Я просунула палец под загнутый край конверта и потянула, порвав конверт и проигнорировав лёгкий укус бумаги о кожу. Вывалилось тяжёлое приглашение с крупными, выпуклыми словами: «Настоящим официально приглашаем вас на встречу выпускников университета Дюкет, 5–7 октября». Рисунок Блэквильской башни красными чернилами; такой большой, что верхушка пика только что не резала слова. «Мы с нетерпением ждём возможности видеть вас в эти выходные на встрече выпускников – горячо любимой традиции университета Дюкета. Также к этому письму прилагается приглашение на вечеринку по случаю десятилетия окончания университета выпуска 2009 года. Приезжайте, чтобы заново пережить дни в Дюкете и отметить многочисленные, с окончания университета, достижения, ваши и ваших однокурсников».

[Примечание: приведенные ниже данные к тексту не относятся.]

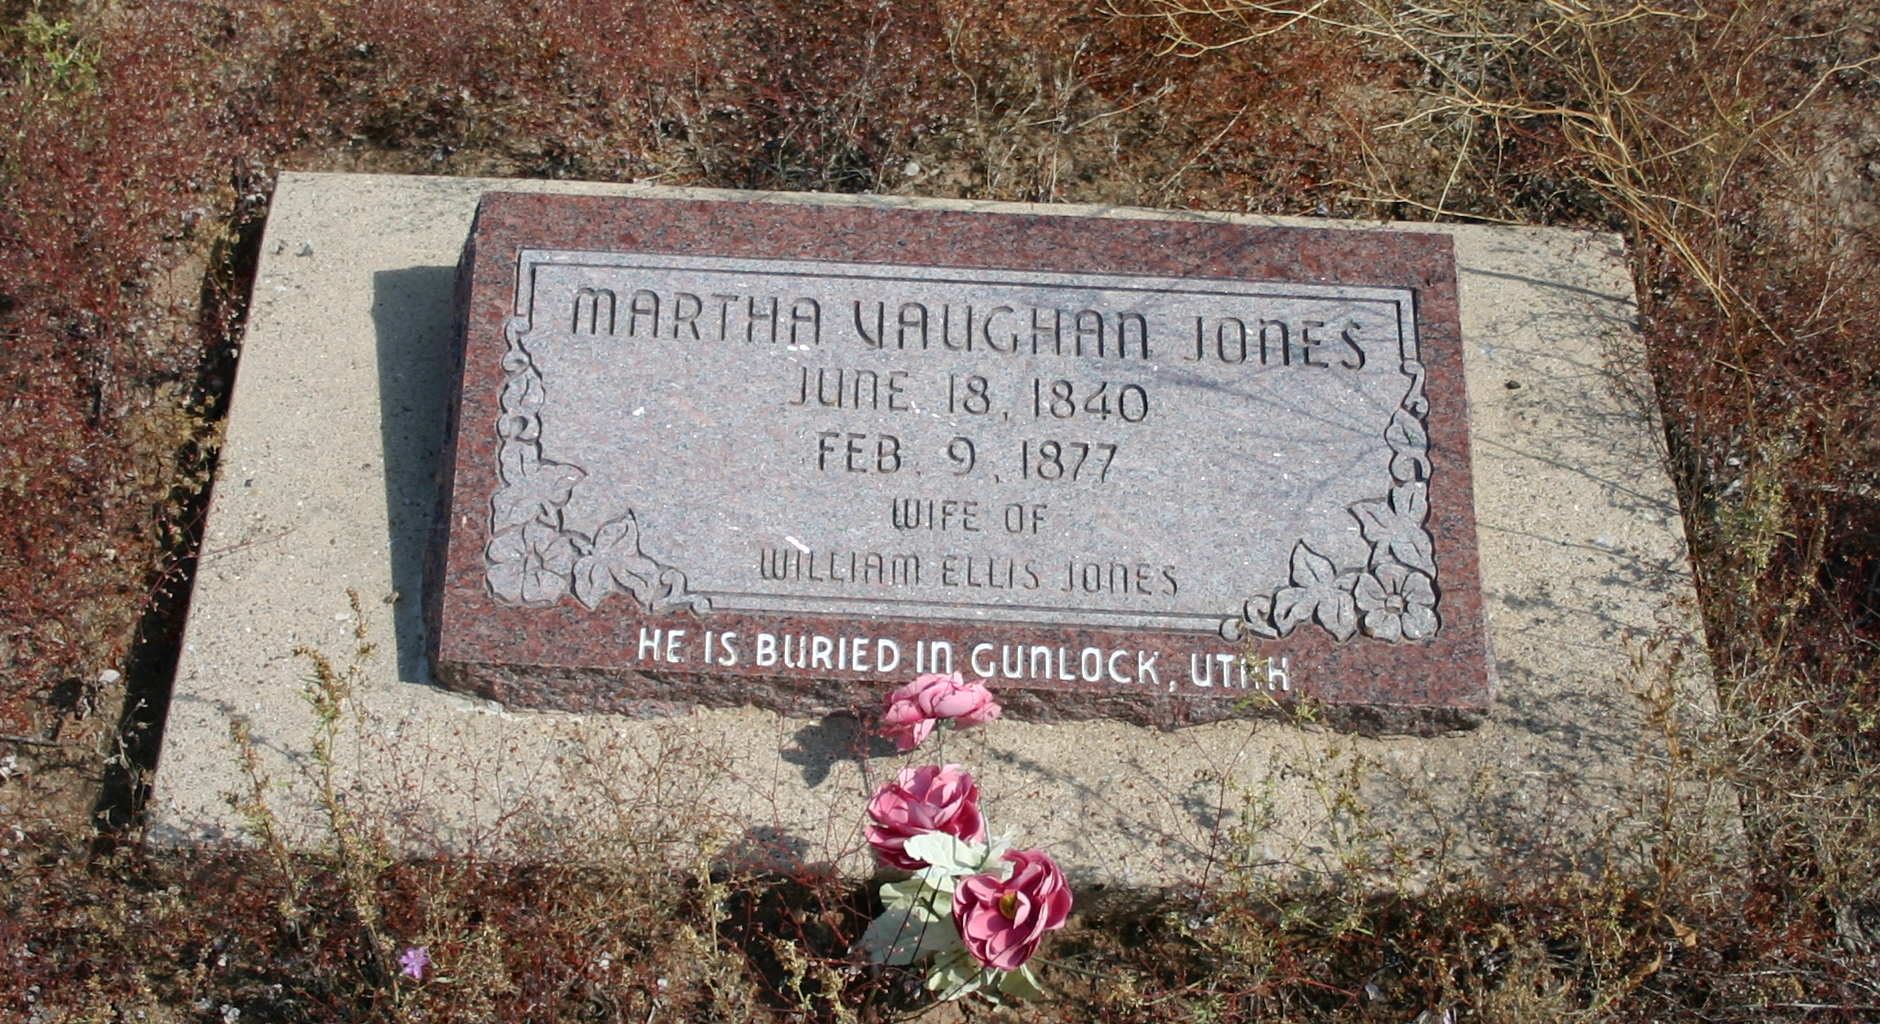 Martha Vaughan Jones gravestone at the Hebron Cemetery

Когда я потрясла конверт, из него выскользнуло маленькое красное приглашение. Я положила его на кофейный столик, рядом с большим, погладила пальцами рельефные буквы, попробовав острые края по углам. Моё дыхание сбилось, а лёгкие работали так, как будто я вернулась на велотренажёр. Встреча выпускников Дюкета. Я не могла вспомнить, когда я стала ей одержима – возможно, постепенно, по мере того, как мой план рос и становился все полнее и подробнее.
Я посмотрела на висящий над моим обеденным столом баннер, на котором было написано «ПОЗДРАВЛЯЕМ!» – я так и оставила его висеть после вечеринки две недели назад по случаю моего повышения по службе: самая молодая женщина, ставшая партнёром в огромной консалтинговой компании «Колдвел энд компани Нью Йорк». Об этом даже написали в «Дэйли Ньюз»; статья была написана под феминистским углом: о молодых женщинах, строящих карьеру в корпорациях. Она висела у меня на холодильнике (и убиралась, когда приходили гости), а ещё шесть экземпляров лежали в моём столе. Седьмой я отправила своей маме в Вирджинию.
Та победа оказалась идеально по времени к этой. Я вскочила с дивана и побежала в ванную, оставив занавески открытыми, чтобы смотреть на город. Я теперь была девушкой из верхнего Ист-Сайда, а в колледже я была девушкой из Ист-Хауза. Мне нравилась такая преемственность и то, как моя жизнь до сих пор была связана с тем, кем я была тогда. «Приезжайте, чтобы заново пережить свои дни в Дюкете», говорилось в приглашении. Я стояла у окна ванной, и эти слова действовали на меня как заклинание. Я закрыла глаза и принялась вспоминать.
Я иду через кампус, в окружении величественных готических башен – драматичная архитектура смягчается магнолиями; их толстыми скрученными ветвями, восковыми листьями и белыми цветами с таким одуряющим ароматом, что притягивает к себе, на расстояние вытянутой руки, прежде чем ты осознаешь, что ушла с тротуара. Колледж: свобода столь полная, что восторг не проходил все четыре года.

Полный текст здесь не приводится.